**Acknowledgements** All ideas in this post are due to
@mabokhamis and
@hung-q-ngo; I’m
just writing them down so that I don’t have to bother them when I
forget.

In an earlier post I talked about how to use the AGM bound to bound the run time of the Generic Join algorithm. It turns out we can sometimes bound the run time of recursive queries as well. Consider the transitive closure program in Datalog:

```
P(x, y) :- E(x, y).
P(x, y) :- E(x, z), P(z, y).
```

During semi-naive evaluation, we will compute a delta relation $dP$ every iteration as $dP_{i+1} = E \bowtie dP_i - P_i$. The set difference can be done in linear time, so we will focus on the join only.

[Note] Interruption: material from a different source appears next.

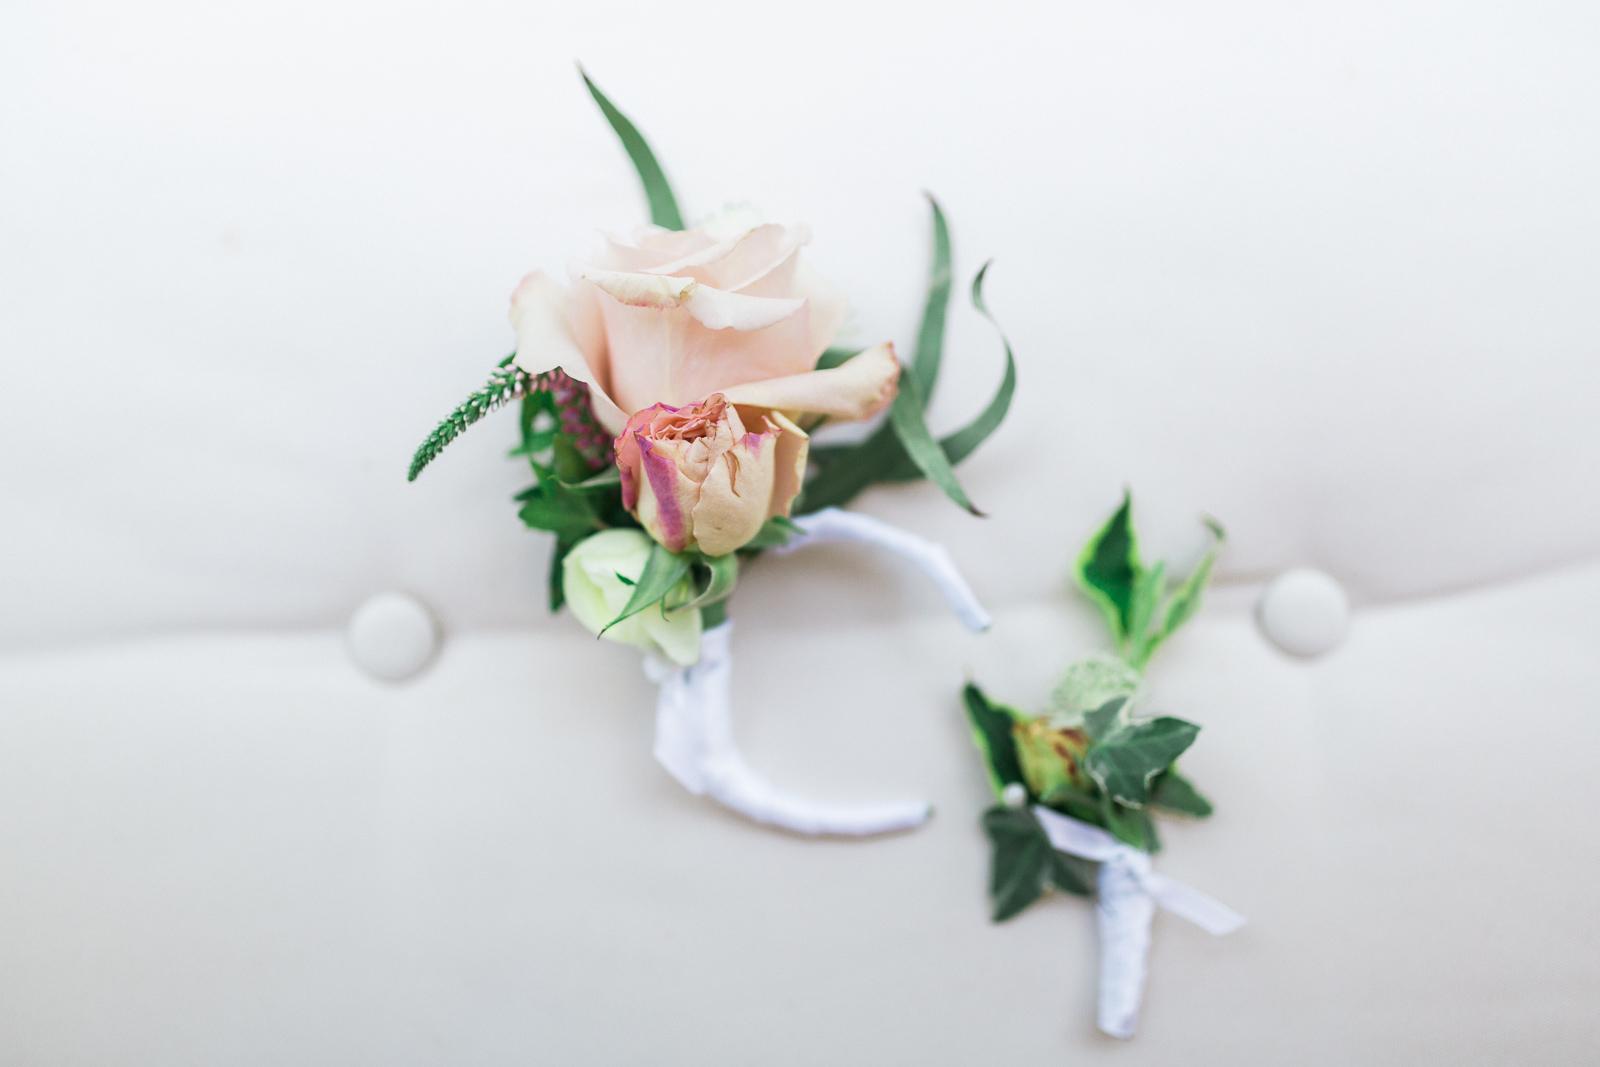 Floral decor for a gay wedding in Santa Barbara

If we look at *all* iterations, we’ll be computing
$E \bowtie dP_0 \cup E \bowtie dP_1 \cup \cdots \cup E \bowtie dP_{k-1}$.
Factoring out `E`

, we get
$E \bowtie (dP_0 \cup \cdots \cup dP_{k-1}) = E \bowtie P_k$,
where
$P_k$
is the relation
$P$
at iteration
$k$.
Since
$P_k$
must be contained in the final output
$O$,
i.e. $|P_k| \leq |O|$,
at this point we can say the whole semi-naive algorithm runs in
$O(|E|\times|O|)$.
But turns out we can do better.

To reduce clutter, I’ll write
$P$
for
$P_k$.
Now take a closer look at the join
`Q(x, y, z) :- E(x, z), P(z, y)`

. For the moment, let’s also
add
$O$
into the join to make a triangle
`Q'(x, y, z) :- E(x, z), P(z, y), O(x, y)`

. With this, we can
use the AGM bound to get
$O(|E|^\frac{1}{2} |P|^\frac{1}{2} |O|^\frac{1}{2}) \leq O(|E|^\frac{1}{2} |O|)$,
which is a tighter bound than the above. I now claim we can also use
this bound for
$Q$.
The key is that the execution of Generic Join for
$Q'$
is exactly the same as that for
$Q$.

Consider the variable ordering `z, x, y`

. The GJ loop for
$Q'$
is the following:

```
for z in E.z ^ P.z
for x in E[z].x ^ O.x
for y in P[z].y ^ O[x].y
output(x, y, z)
```

Since $O$ is the final output of the transitive closure program, we have the invariant $\forall x, y, z : (x, z) \in E \wedge (z, y) \in P \implies (x, y) \in O$. Therefore, we can remove the intersections with $O$ on both inner loops, and the run time would remain the same since $O$ does not filter out any value. With $O$ removed, the nested loop now computes exactly $Q$, taking the same time as $Q'$.